The suicide rates per 100k populations prediction algorithm includes several country-level variables in addition to population demographic characteristics. The model used for prediction is a multiple linear regression model fitted to the training data and tested on the testing data. Random Forests model is also attempted at number of trees of 500. Models are fitted based on 2 different cases. Assessment of the perfomance is based on the value of RMSE.
The following table summarizes the performance of each model at the 2 specified cases:
case1
## # A tibble: 2 × 2
## model rmse
## <chr> <dbl>
## 1 lm 12.4
## 2 rf 6.56
case2
## # A tibble: 2 × 2
## model rmse
## <chr> <dbl>
## 1 lm 12.5
## 2 rf 7.20
The Random Forests model yielded the least value of RMSE and is considered the best model for predicting suicide rates per 100k population. Eliminating data of the year 2016 and of Lithuania did not improve the value of RMSE.

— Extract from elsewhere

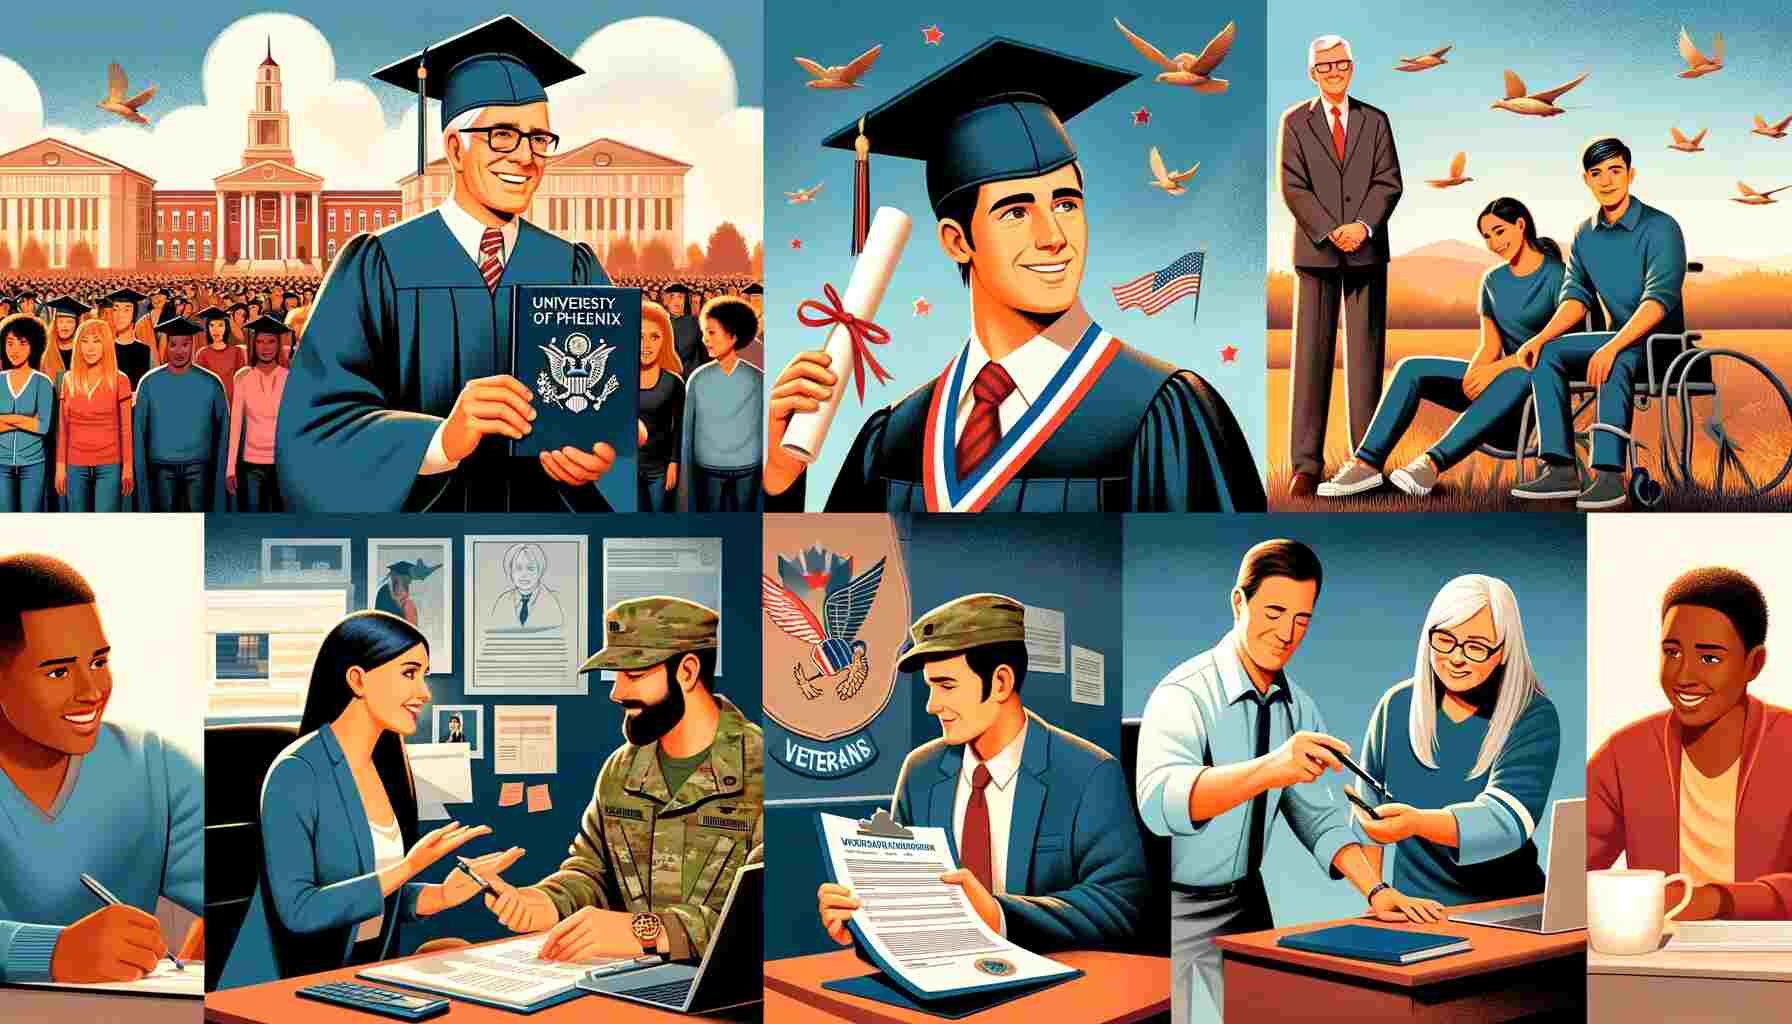 The University of Phoenix is committed to supporting veterans in their pursuit of higher education.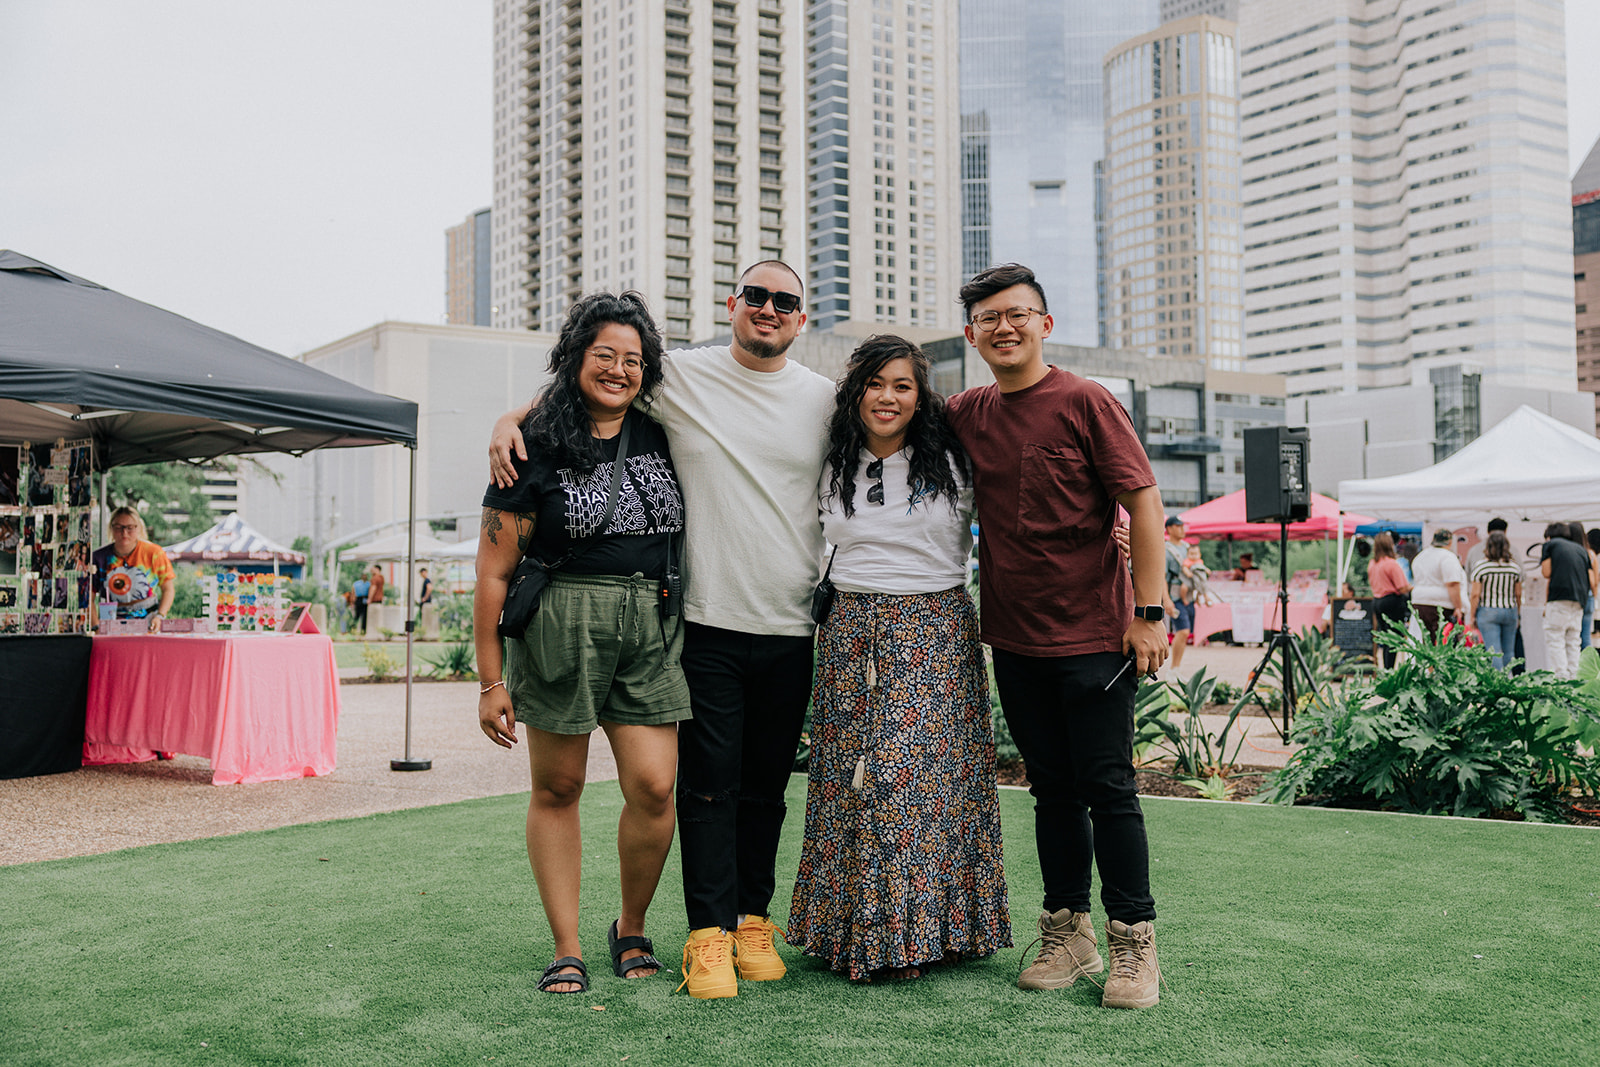 Have a Nice Day Market founders Isabel Protomartir, Brian Rama, Julie Nong, and Michael Ma pose for a picture in front of the backdrop of Downtwon.

The following graph shows predictions from the linear regression model and the random forests model compared to the true values of suicide rates in the test dataset for each year. The plot shows that annual predictions generated by random forests model are closer to the true value of suicide rates than those predicted by the linear regression model.
test %>% mutate(lm=exp(lm), rf=exp(rf)) %>%
gather(key=valuetype, value=rate, suicide_rate, lm, rf) %>%
mutate(suicides=rate*population/100000) %>%
group_by(year, valuetype) %>%
mutate(rate_year=sum(suicides)*100000/sum(population)) %>%
ggplot(aes(year, rate_year, col=valuetype)) +
geom_line() +
geom_point(size = 2) +
scale_x_continuous(breaks = seq(1985, 2016, 2)) +
theme(legend.position = 'bottom', axis.text.x = element_text(angle = 45))
Additional modeling attempts were made. They are based on the concept of regularization; to penalize the least squares estimates using the parameter lambda to optimize for lambda that minimizes the RMSE. The attempt yielded value of zero for lambda: suggesting that no penalty for the least squares estimates of the model would further enhance the model performance. The attempt is not discussed in the report but it is included in the R script file.
There are other variables that exist in the dataset but not included in the analysis and the modeling. These variables are:
gdp_for_year, which is the GDP of the country at a given year. It is eliminated as it is highly correlated with gdp_per_capita to eliminate multicollinearity in the model. gdp_per_capita was selected over gdp_for_year as it is a better measure for the GDP and wealth of the nations that takes into account population size.
generation, which is a categorical variable for the generation of the population. It is left out as it is highly correlated with age. age is selected over generation to include in the analysis as it more easily and intuitively understood.
HDI.for.year, as over two thirds of the variable is missing.